Quando você diz que conhece alguém torna-se seu fiador moral
Texto
restaurado e remixado
O cara é baba-ovo, invejoso, rancoroso, arrivista e, dizem todas as más línguas, as
más inclusive, é um caloteiro, desses que não pagam a ninguém na maior cara de
pau. Aí chega alguém e pergunta se você conhece o tal meliante. Você já o viu e
até conversou com ele algumas vezes, mas por força de expressão acaba dizendo
que “conheço sim”. Ferrou! Sem querer, virou avalista de um canalha. Melhor
seria dizer, apenas, que “conheço de vista”, mas os hábitos da fala as vezes
nos metem em roubada.
Por uma questão
cultural dizemos que “conheço” a quem vimos algumas vezes. Pior: em muitos
casos estabelecemos relações pessoais e profissionais com pessoas que não
conhecemos sem tomar o cuidado de pedir referências a terceiros. Os ingleses
tem esse hábito. Só fazem negócios ou se relacionam com pessoas quando três,
quatro ou cinco amigos de confiança confirmam que a tal pessoa é do bem,
honesta e tudo mais.
Por exemplo: não
conheço nenhum Babalu, apesar de um colega, que encontrei no catamarã, ter
insistido em me mandar um “abraço do Babalu”. Sabe aquele sono eventual que
bate depois do almoço, você entra num catamarã social vazio e fica ao sabor da
brisa? Foi o que planejei naquela tarde.
Corta! Encontrei
o conhecido na chamada “fila do gado”, aquela que o povão forma para entrar na
embarcação e posso afirmar do fundo do coração: o cara é chato pra cacete. Mas,
fazer o que? Ele se aproximou, colou em mim e sentou a meu lado.
E tome a falar
do tal Babalu que, segundo ele, é meu amigo de infância. Mentira porque passei
minha infância (três a nove anos) em Angra dos Reis, não havia nenhum Babalu e,
de lá, todos os meus amigos se espalharam pelo mundo.
Mas eu não
estava a fim de discutir, apesar de ser rigoroso com esse papo de “fulano é seu
amigo”. Não é assim. Muitas vezes já me
perguntaram “você conhece Fulano?”, e respondi, com elegância, “não, conheço só
de vista”. Como disse lá em cima, dizer que conhecemos alguém nos transforma em
fiadores existenciais do “conhecido”.
Não é o caso do
sujeito que encontrei no catamarã que, de fato, sei quem é, mas saber quem é e
conhecer são situações completamente diferentes. E quando o barco atracou no
Rio, confesso que me deixei levar pela multidão e, propositalmente, me perdi do
conhecido que me congestionou com uma overdose de palavras e frases soltas. Não
agüentei ouvir tanta inutilidade pública e estava vendo a hora que ia pegar no
sono no meio do monólogo dele.
Fui a uma
reunião e, na saída, em frente ao Museu de Belas Artes, na Rio Branco,
encontrei um leitor. Ele estava acompanhado da mulher, me apresentou e tal.

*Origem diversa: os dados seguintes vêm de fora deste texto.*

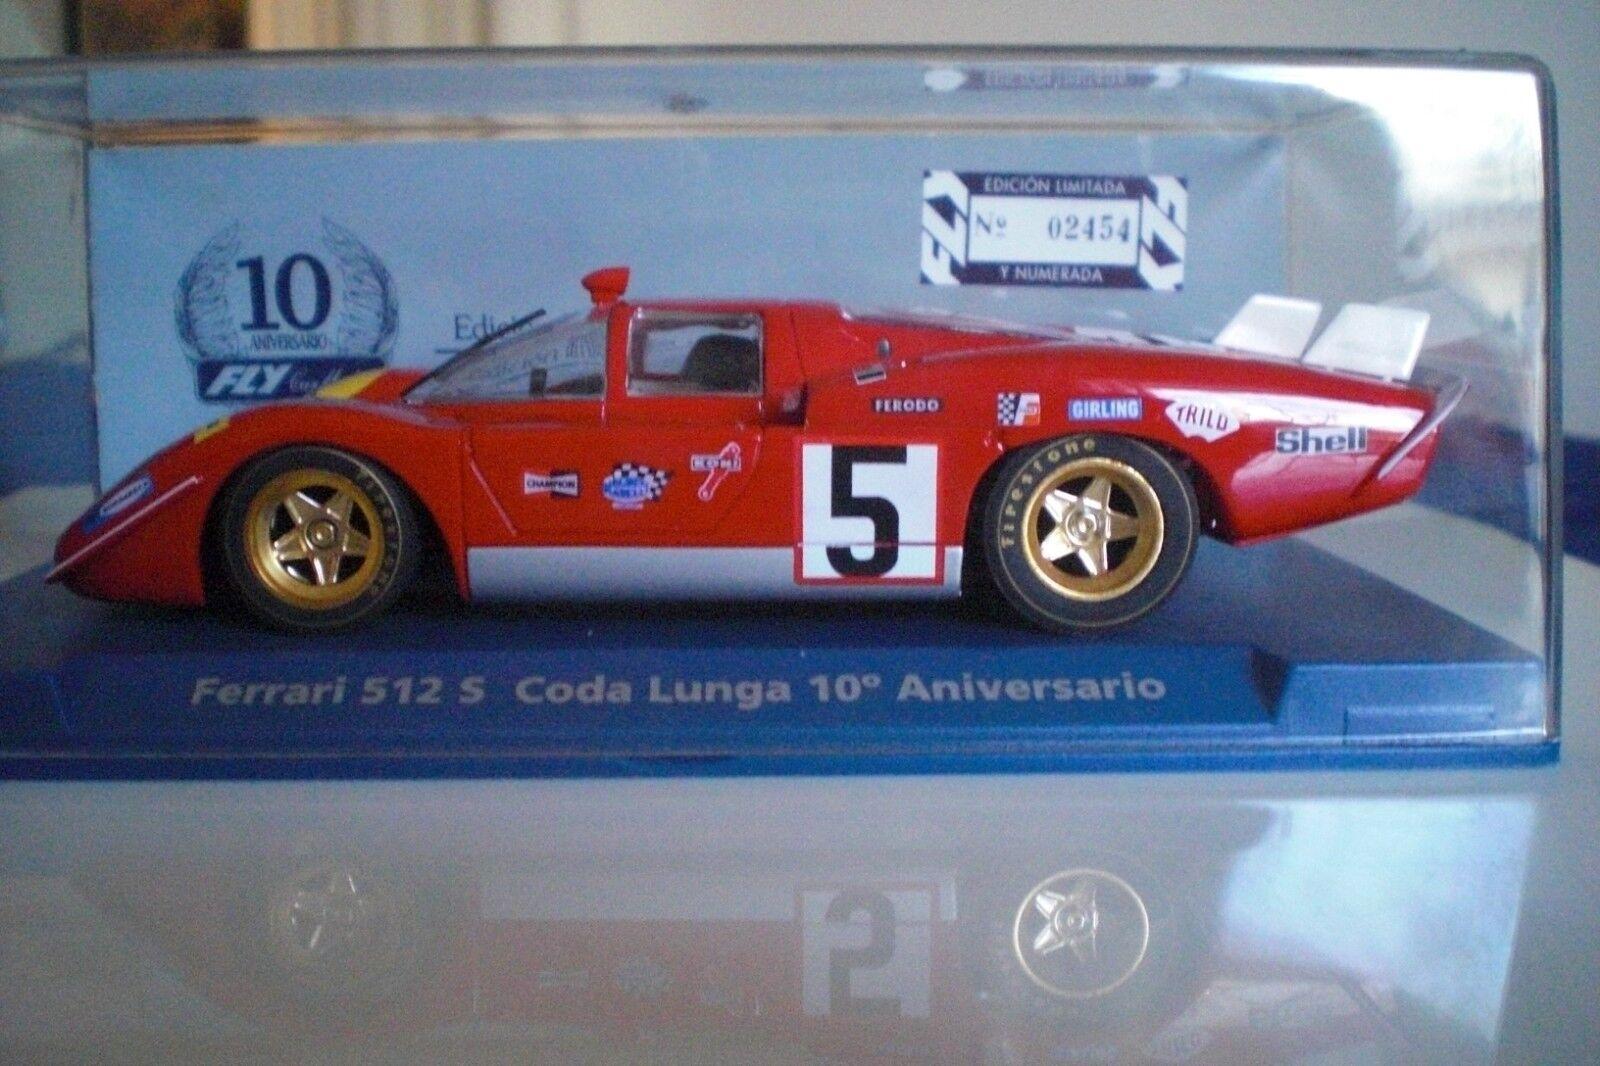 flygaga A2006 Ferrari 512 Codalunga 10o Aniversario
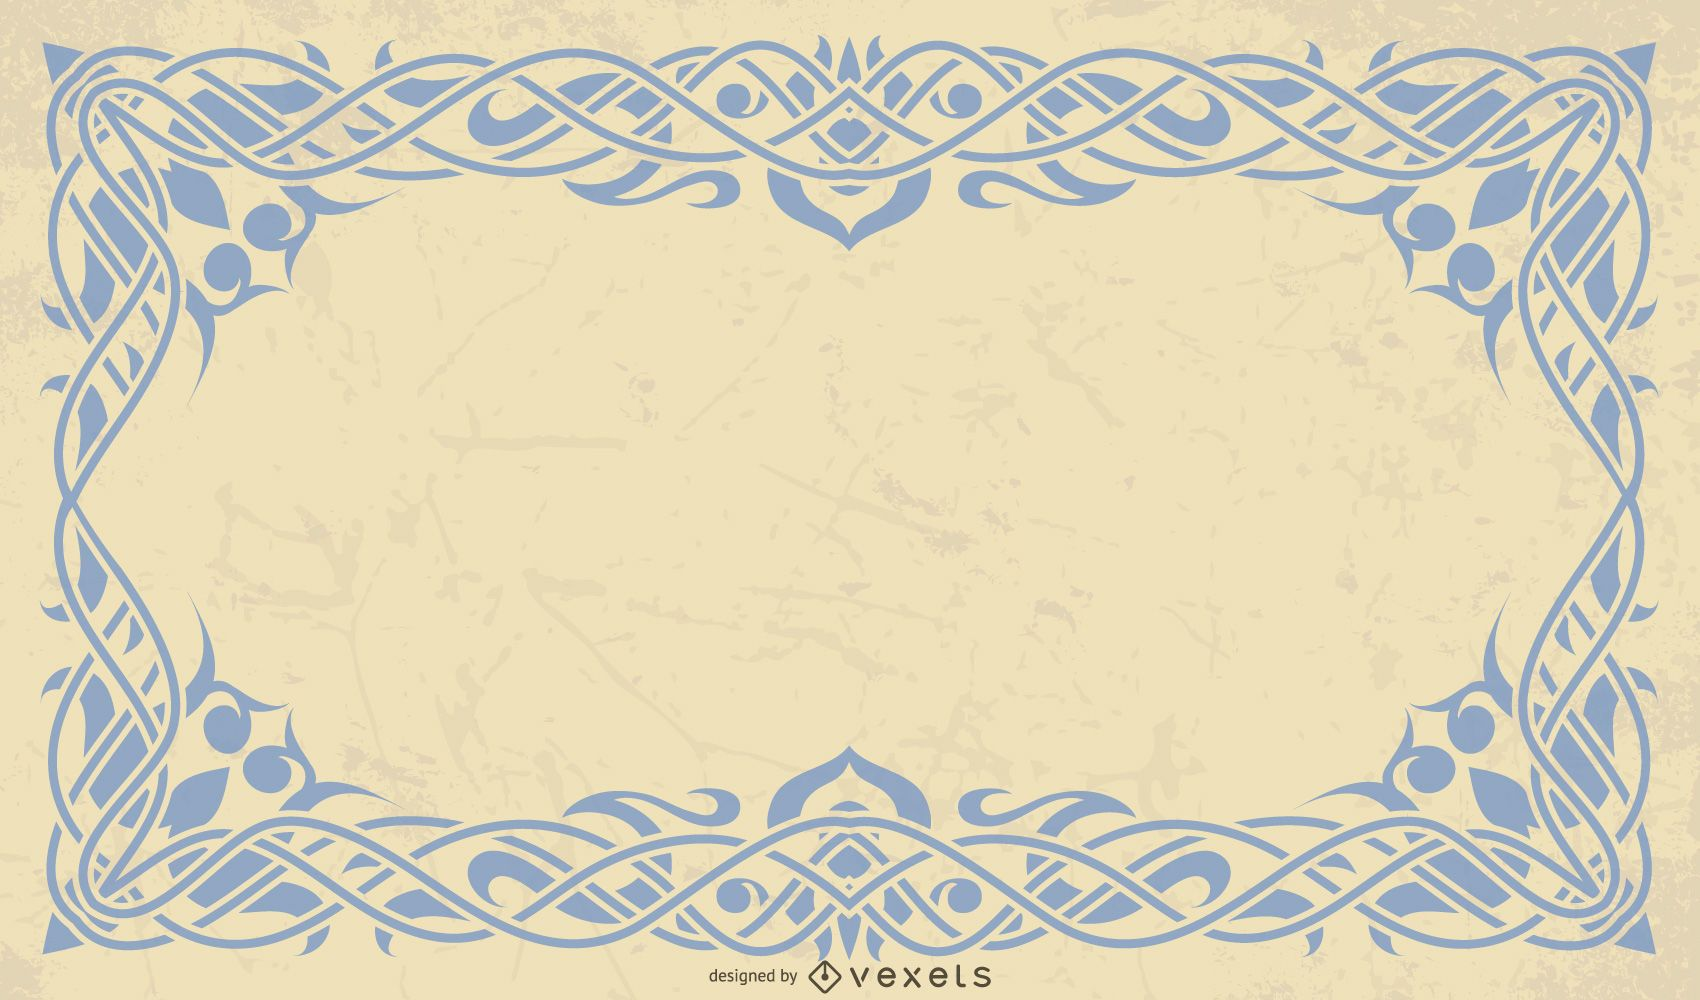 Diseño de fondo de marco retro vintage clásico

Achei engraçado porque não o conheço e nem ele a mim, apesar de minhas crônicas
e contos, eventualmente, abrirem o buraco da fechadura. O leitor estava
satisfeito, cheio de “Fulaninha, esse aqui é o Luiz Antonio...” e a esposa,
também constrangida, disse “muito prazer” e tudo ia muito bem até ele me
perguntar para onde eu ia. Temendo que ele fosse para Niterói, sapequei um “vou
até o Rio Comprido resolver uns assuntos”, quando ele rebateu “pois nós estamos
indo para o Leme”.
Encerrado o
encontro, quando inclusive me chamou de “amigão”, fui embora pensando. Pensando
nessa profissão maluca que fabrica conhecidos pelo mundo e até amigos próximos
sem que saibamos o que está acontecendo. Esquisito pra caramba.